I'd suggest buying a Ruger MK-III, Ruger 22/45 or a Browning Buckmark.

You can get a MK-III or 22/45 for close to the same price of a SR-22 (a few bucks more) and you will be much happier with the firearm than the SR22.

I think that a heavy triggered .22 is just not worth much as accuracy is so much harder to attain beyond a very short distance. Whereas the cleaner triggers of the models I suggested will allow you to shoot with better accuracy and be more fun to hunt with.

Just my $0.02

Take a look at the Ruger .22 pistol prices.

http://www.impactguns.com/handguns.aspx?Manufacturer=Ruger&Caliber=22+Long+Rifle


----------



## Loke (Sep 7, 2007)

Triggers aren't all that bad. They are by no means target grade, but neither are the MKIIIs (in my humble opinion). You might find the interchangeable grips a nice option, especially if one has small hands. They are not as ammo sensitive as some of the competing brands. The ones that I have shot were fun and reliable. It really depends on what you are looking for. For a small, plinking, fun gun they are ideal.


----------



## Bax* (Dec 14, 2008)

Loke said:


> Triggers aren't all that bad. They are by no means target grade, but neither are the MKIIIs (in my humble opinion). You might find the interchangeable grips a nice option, especially if one has small hands. They are not as ammo sensitive as some of the competing brands. The ones that I have shot were fun and reliable. It really depends on what you are looking for. For a small, plinking, fun gun they are ideal.

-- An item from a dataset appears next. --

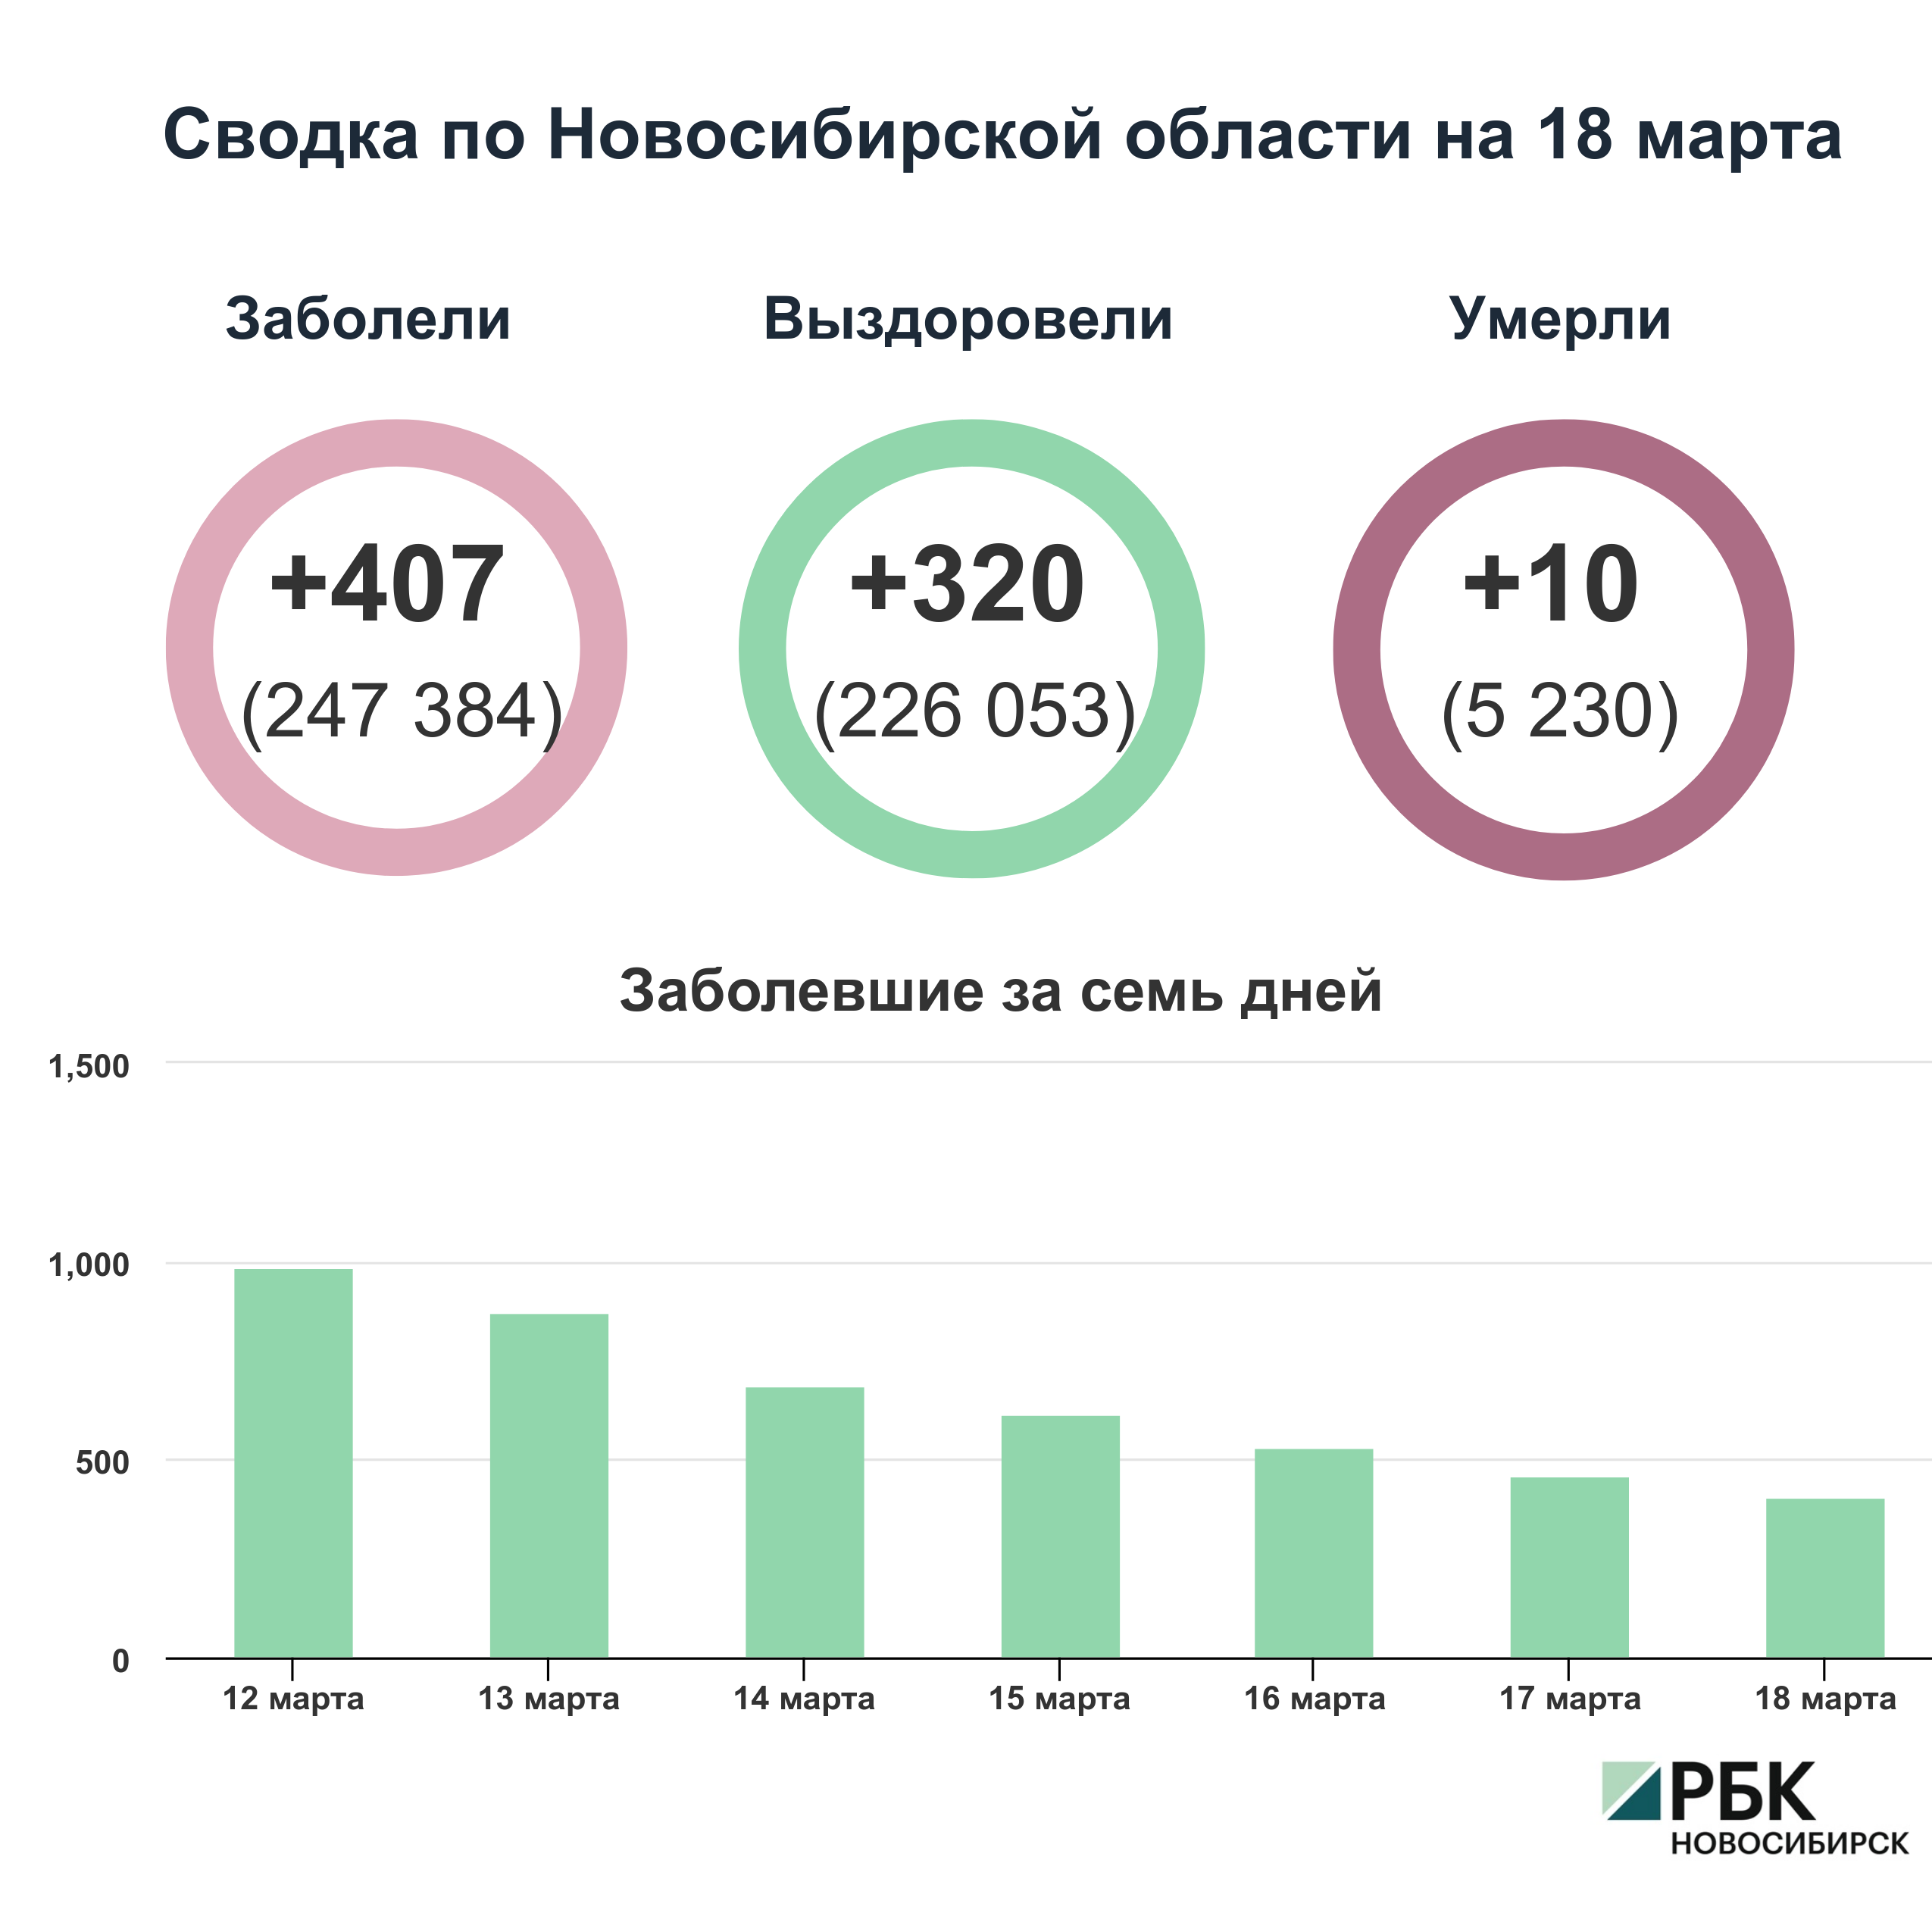 Коронавирус в Новосибирске: сводка на 18 марта

Loke, what do you know?! It's not like you spend countless hours dealing with these thingies.

:mrgreen:

I like the MK-III because of the heft and balance and although the trigger isn't amazing, it it lighter than the SR22 trigger. I also like the ease of upgrade with Volquartsen components.


----------



## Jmgardner (Sep 17, 2014)

i bought my wife the sr22 to learn on and we both love it. I even enjoy shooting it. i like the adjustable sights. and i don't think the trigger is heavy as long as you pull the hammer back. it just has a lot of travel. it is great for her small hands but i also find it comfortable for myself and i have ogre hands. Don't get me wrong for strictly accurate target shooting, the ruger mkIII may be better, but as far a learning pistol thats easy to holster and functions more similar to other pistols (like the s&w shield she carries for protection sometimes) the sr22 is much preferred in my opinion.


----------



## utskidad (Apr 6, 2013)

Coincidentally, the boy and I ran 200 rounds through his SR22 yesterday afternoon. I bought it three years ago because: 1) had the fewest reports of malfunction/jams of the new generation of semi-auto 22s and 2) it was reportedly much easier to disassemble for cleaning than the traditional Ruger models. So far, we have not been disappointed. It runs flawlessly and reliably. The trigger seems no better or worse than my other semiautos. (I did sell an original Savage Axis for that very reason -- overly heavy trigger.) I do like the sights.


----------



## Loke (Sep 7, 2007)

I dislike the MKIII for two reasons. Magazine disconnect (which adversely affects the trigger), and the loaded chamber indicator (which can affect reliability). Both can easily be removed to convert your gun to a MKII, which I absolutely love. I wish manufacturers would quit caving in to anti-gun, liberal, stupid gun legislation and putting these idiotic devices on an otherwise safe and effective design. Why does putting a 10 pound trigger, a magazine disconnect, and device to tell you that there is a loaded round in the chamber (you should already know because you checked it, didn't you?) that decreases the reliability make a gun more "safe"? And the micro engraving on the chambers and firing pin will some how solve every gun crime, how? Enough of my ranting, back to your regularly scheduled show.


----------



## Cooky (Apr 25, 2011)

Loke said:


> I dislike the MKIII for two reasons. Magazine disconnect (which adversely affects the trigger), and the loaded chamber indicator (which can affect reliability). Both can easily be removed to convert your gun to a MKII, which I absolutely love. I wish manufacturers would quit caving in to anti-gun, liberal, stupid gun legislation and putting these idiotic devices on an otherwise safe and effective design. Why does putting a 10 pound trigger, a magazine disconnect, and device to tell you that there is a loaded round in the chamber (you should already know because you checked it, didn't you?) that decreases the reliability make a gun more "safe"? And the micro engraving on the chambers and firing pin will some how solve every gun crime, how? Enough of my ranting, back to your regularly scheduled show.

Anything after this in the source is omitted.